The game isn’t “hard”. When I say a game is hard, even “too hard” I mean its got a steep level of challenge. Its like doing complex algebra without a calculator. This game isn’t hard its not playable.
I’d be curious perhaps to revisit this one to see if playing a multiplayer game is a better experience. I’d imagine so. The presentation is actually rather nice and arcade like. I especially enjoy how the ball increases in size on the overhead view, as it flies up towards the birds eye camera. It’s a bit odd how the pitching and batting work, with your player sliding all over the place to line up with the ball or position for a strike. I suppose though this was still a time for a lot of experimentation with this dynamic of the sport, the physical application of which is hard to translate into video game form.

But this is still an awesome effect. 

It is also worth noting that this is our first example of Sega’s famous marketing strategy of celebrity endorsements. This led me to research a bit about Lasorda who I knew nothing about – again not being a baseball guy. Even as a non-baseball aficionado it was an impressive career to read about. I kind of feel like this game doesn’t do him any justice. He was playing for the Dodgers while there were still Nazi’s in Europe for Pete’s sake!

The Dodger’s, the team for which most of his acclimates are accredited, does not actually make an appearance in this game. No MLB team does. This tended to happen a lot as those official licenses are often expensive to come by.

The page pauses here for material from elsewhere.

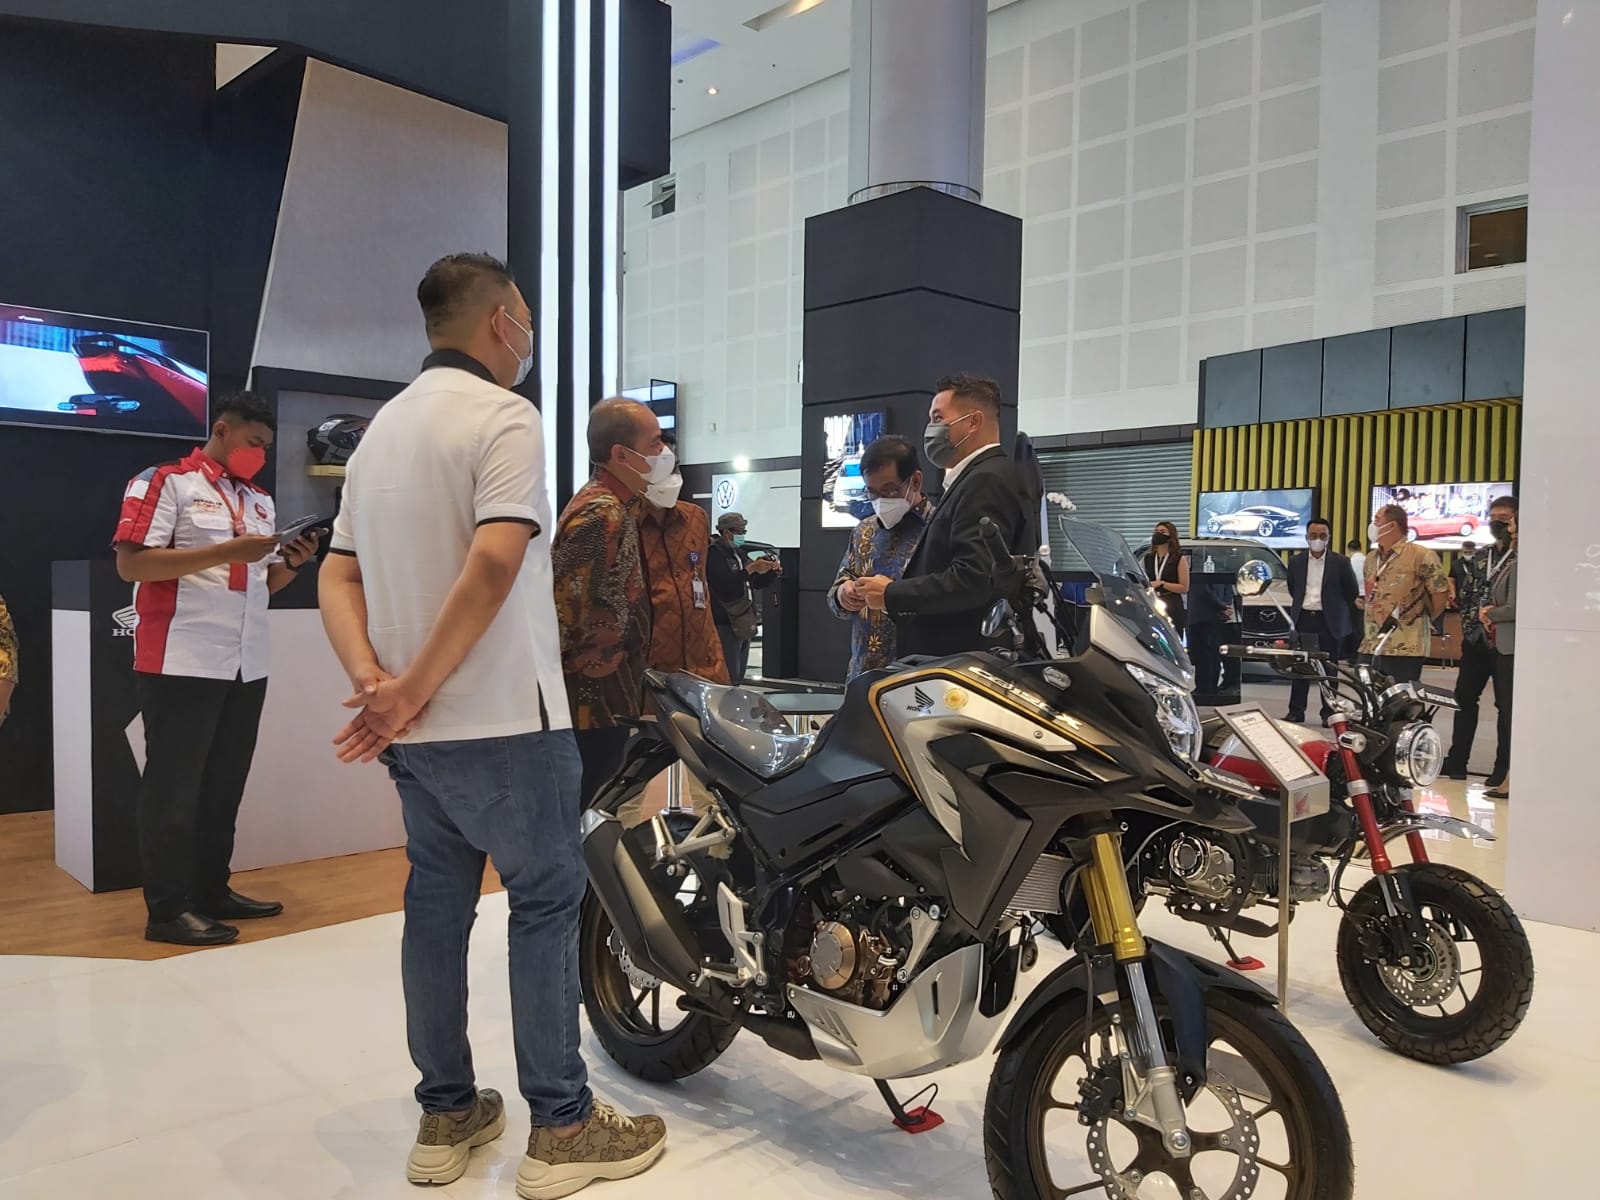 MPM Honda Jatim Hadirkan Motor Baru Honda ST125 Dax dan New Honda ADV160 di GIIAS Surabaya 2022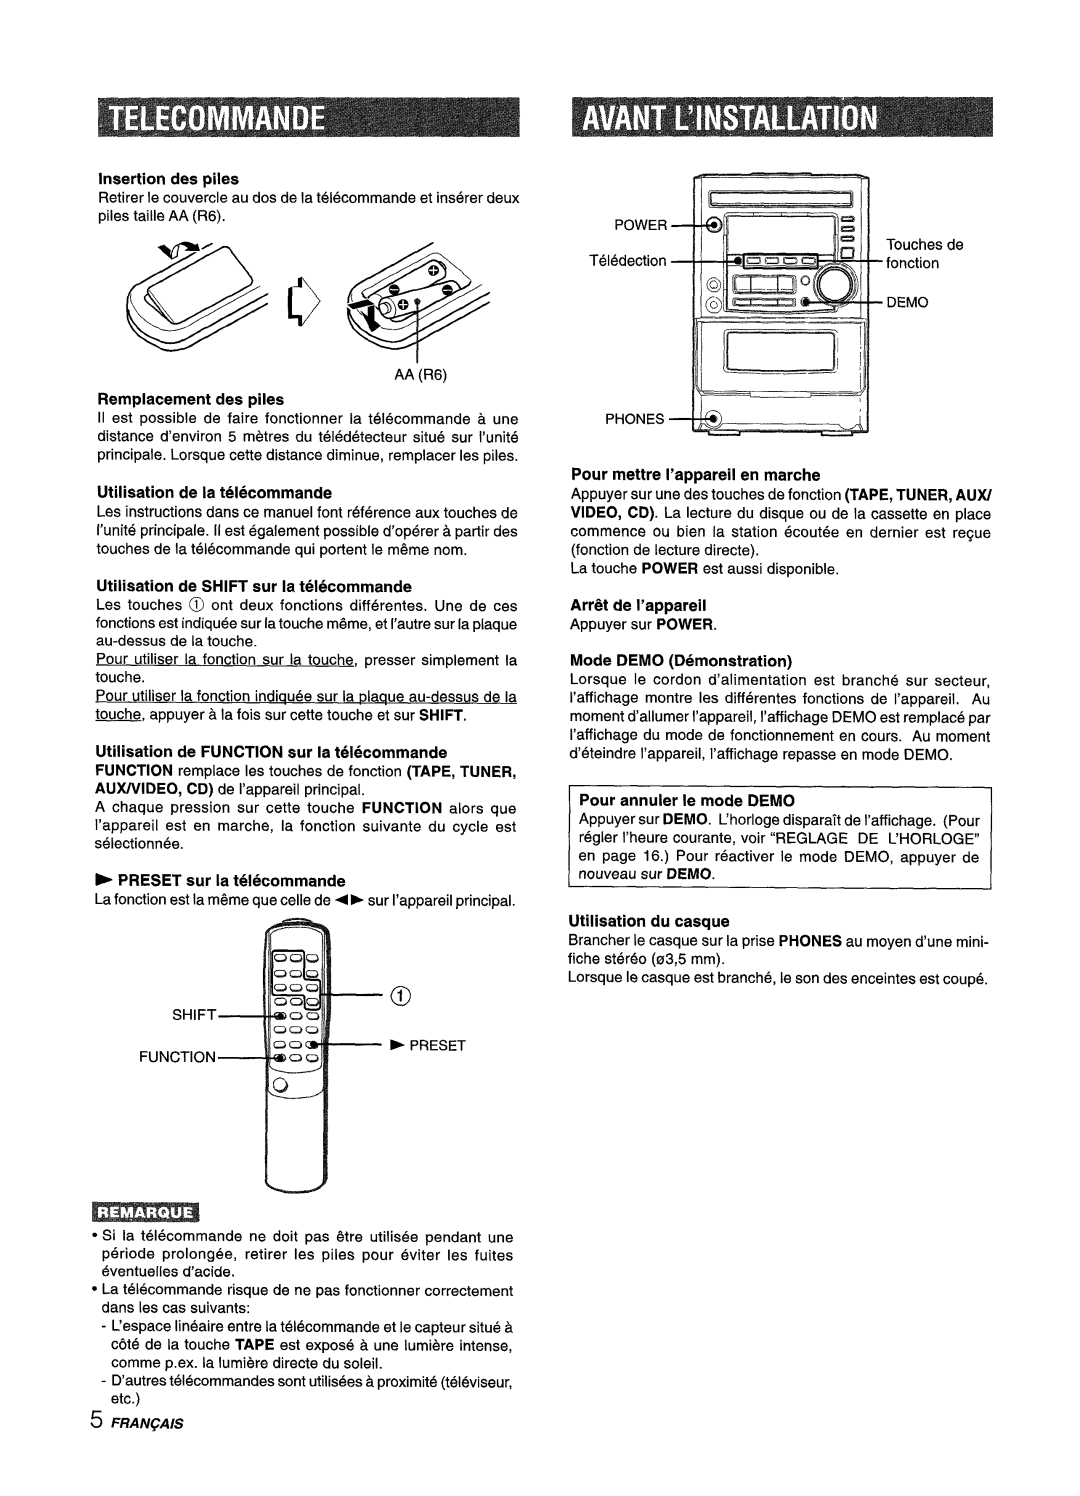 Aiwa XM-M25 manual Insertion des piles, Replacement des piles, Utilisation de la telecommande, ~ PRESET sur la telecommande

It’s hard to say if I gave Tommy Lasorda Baseball a fair chance or not. I met all my personal requirements for a game but it certainly had more to look into. It is the first example we have hit of a game running on a password system, a common feature to replace less than reliable battery backup, and had lots of stat based features that I didn’t really bother checking out. The reason for this is simple – if the single player campaign is unplayable than there really isn’t an additional mode in the world that can fix the title. It’s a bit disappointing because the game has decent presentation and may even be fun on a two player setting….But there are other baseball games that offer presentation, good multiplayer, and great single player. Most fans who aren’t collecting everything out right will likely be better off going with a later baseball title.